A l’heure actuelle, l’entreprise s’est financée grâce à des fonds propres et des concours. Elle a notamment remporté 35 000€ auprès de PACEIM, le Programme d’Aide à la Création d’Entreprises Innovantes en Méditerranée,  qui accompagne les étudiants et diplômés du supérieur français dans leur création d’entreprise innovante au Sud de la Méditerranée.

La startup a définitivement la Méditerranée dans son ADN.

Un projet méditerranéen 

Robert Harfouche à droite et un stagiaire libanais, Emile Karam
Robert Harfouche, à droite, avec un stagiaire libanais, Emile Karam

Parmi ses cinq freelancers deux sont libanais et l’équipe ne compte pas s’arrêter là. Robert Harfouche souhaite continuer à créer du travail au Liban en y installant ses activités de community management et de marketing. 

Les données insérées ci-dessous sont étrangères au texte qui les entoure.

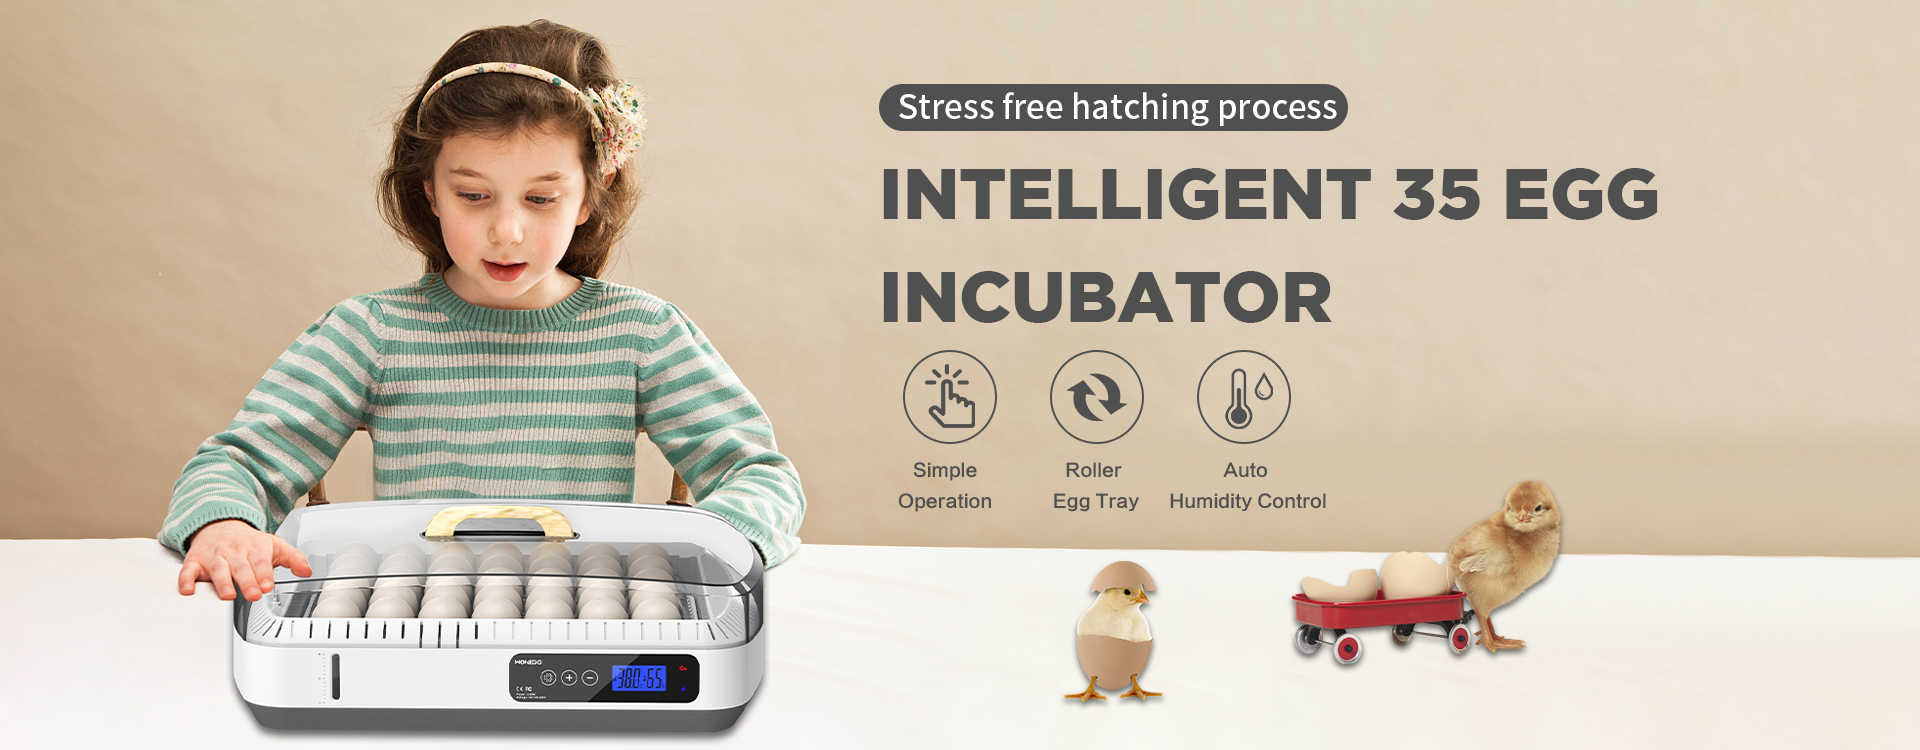 https://www.incubatoregg.com/wonegg-automatic-humidity-control-roller-egg-tray-for-35-eggs-incubator-product/
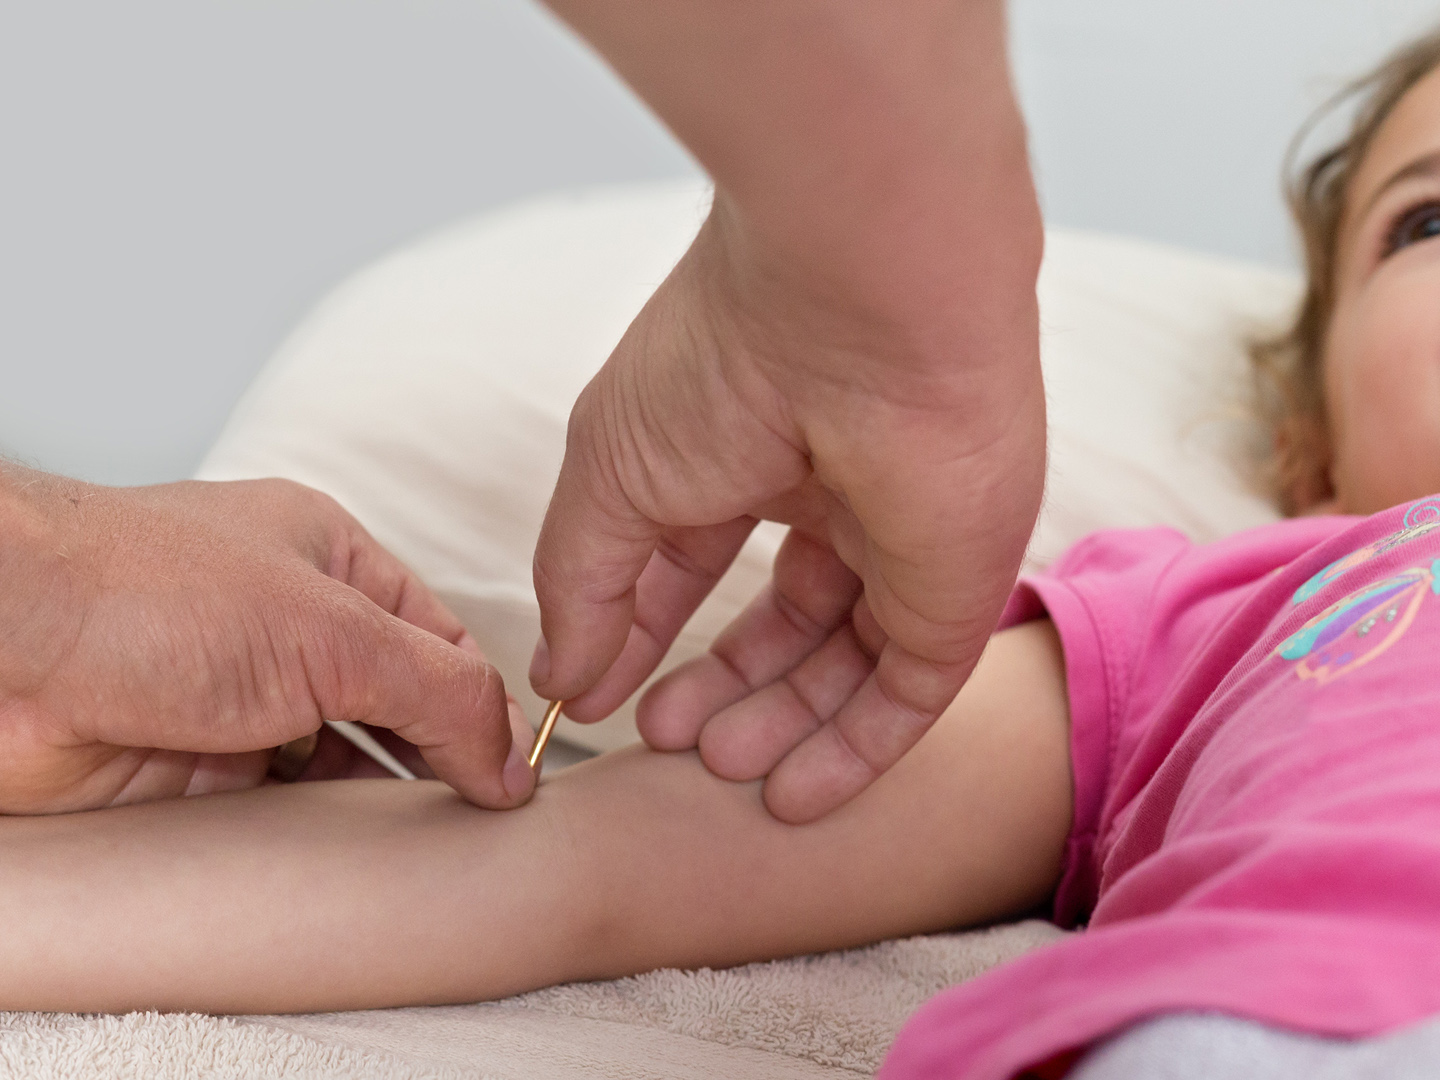 Child having points stimulated during an Acupuncture Session.  The style being used was Japanese Acupuncture called Toyohari.  The tool in the picture is called Teishin.

Pour sa levée de fonds aussi, l’équipe s’intéresse au Liban, surfant notamment sur la circulaire 331 de la Banque du Liban. Cette circulaire a pour objectif d’aider les banques et fonds à investir dans des startups avec, notamment, une garantie de la valeur de cet investissement à hauteur de 75%.

Cette circulaire requiert que le siège social de l’entreprise soit au Liban, ce qui refroidirait les investisseurs basés hors du pays. Ce sera donc tout rien. Si l’équipe arrive à lever les 300 000 € qu’ils souhaitent au Liban, ils y installeront leur entreprise, sinon ils laisseront leur siège social en France.

La motivation de Robert Harfouche est simple. « C’est l’amour du pays et la volonté de monter quelque chose là-bas » explique t-il.

D’un point de vue professionnel avoir des employés au Liban ou en France ne change rien.

« La qualité des développeurs est de la même qualité qu’en France, ainsi que le professionnalisme » développe t-il.

Evidemment, le coût de la main d’œuvre est moindre au Liban, mais ce n’est pas un facteur décisif pour eux, sinon ils auraient choisi le Maroc où Eric est basé. Il travaille dans une entreprise de comptabilité qui offre aux Français des services à prix abordables grâce au différentiel de coût de la main d’œuvre qualifiée entre la France et le Maroc.

Quid du lancement d’efiester au Liban et au Maroc ? Si la partie soirée du service n’aurait pas de sens de l’autre côté de la Méditerranée, Robert Harfouche espère pouvoir lancer la partie restauration d’ici 2017.